"Who Do You Pray To?"?

"Who Do You Pray To?"

"Who do you pray to?"

A question I’ve been asked many times and in several different ways. It comes from curiosity, maybe some misguided concern, and always from people whom I have respected and loved for a long time.

So, who do I pray to?

I was raised Christian. Catholic originally, and then Christian as I got older. I met some of the most amazing people in the world. And somehow I also gained a significant amount of shame.

I didn’t fit in the box.

I was gay. Something was “wrong” with me. I had absolutely no self-esteem because no matter how nice I was, how giving, how loving...no matter how much praise I received, no matter whom it came from...underneath it all, I knew I was bad, gross, dirty, NOT GOOD ENOUGH.

Not enough.

I had failed God and I was definitely failing everyone else. I carried that for so many years.

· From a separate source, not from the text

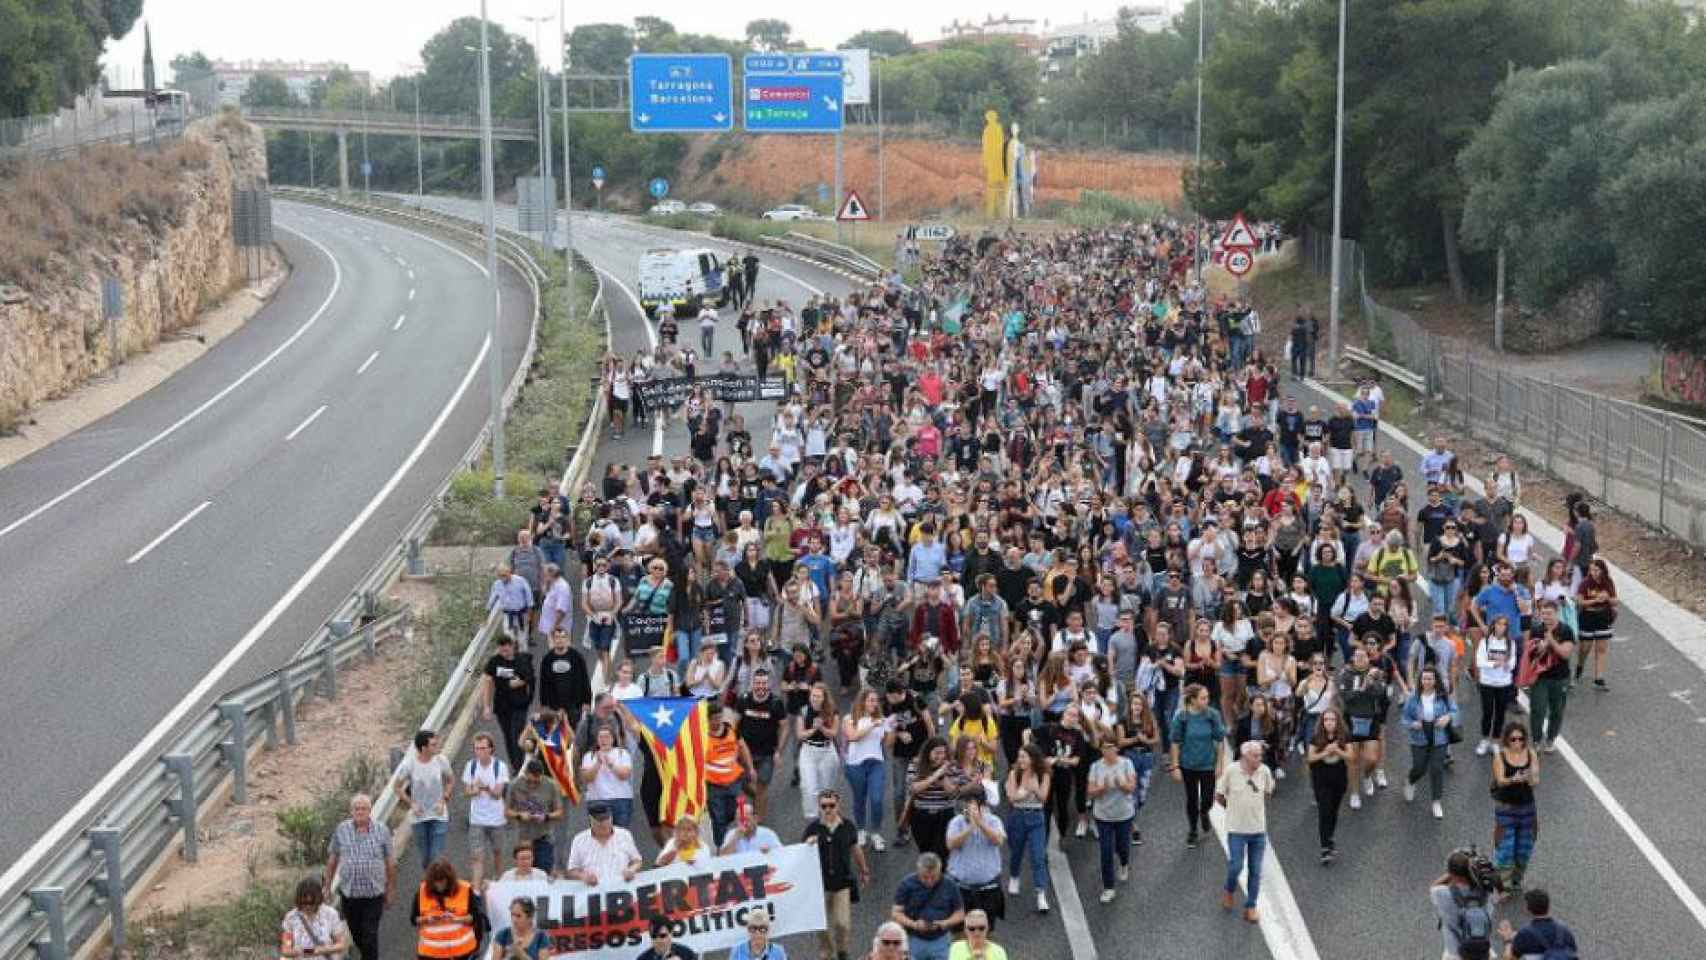 Manifestantes cortan el tráfico por carretera contra la condena del 1-O / EFE

I spent several of my teenage years trying to get right with the fact that I would choose to be childless, single, and celibate. For God. I would give up my deepest desires because I just wanted Him to see how much I loved Him. Because even if I didn’t understand His ways, I knew they were higher than MY ways, my desires.

But then, I couldn’t keep it in anymore.

So I felt like I had to choose. And I chose “wrong.” I chose love, acceptance of myself, grace, and compassion.

I chose me.

It took many, MANY years for me to even begin to be comfortable with myself and my sexuality. And I am NEVER going back. I am going to continue loving myself, my sexuality, sex, and all of the good things life has to offer.

Thank god I finally realized I didn’t have to choose. It wasn’t God OR myself. It was God/Divine IN myself.

That light that you see in me, that’s God, that’s Source, that’s Love, that’s Light. For several years I have explored the reality that I am “spiritual and not religious.”

What does that mean for me? It means I sing praise songs AND Lizzo. I am inspired by Bible verses AND other spiritual and non-spiritual texts. I relate to people of all religions AND no religion. I love people AND I love me.

Love is abundant. Never-ending. There really is no cap.

And that is where all of me comes from. It is where I begin and end my days, where I go when I am sad and scared, where I return to when I need to pray for those around me, what I seek when my heart breaks with a fellow human, and where I find my joy. It’s Love. You call him God/Goddess/Universe/Source/Love/Divine/Light/Yahweh. I call it Love.

Different names, one source. Love.

My question to you -- instead of “whom do you pray to,” I’m curious, what lights up your soul?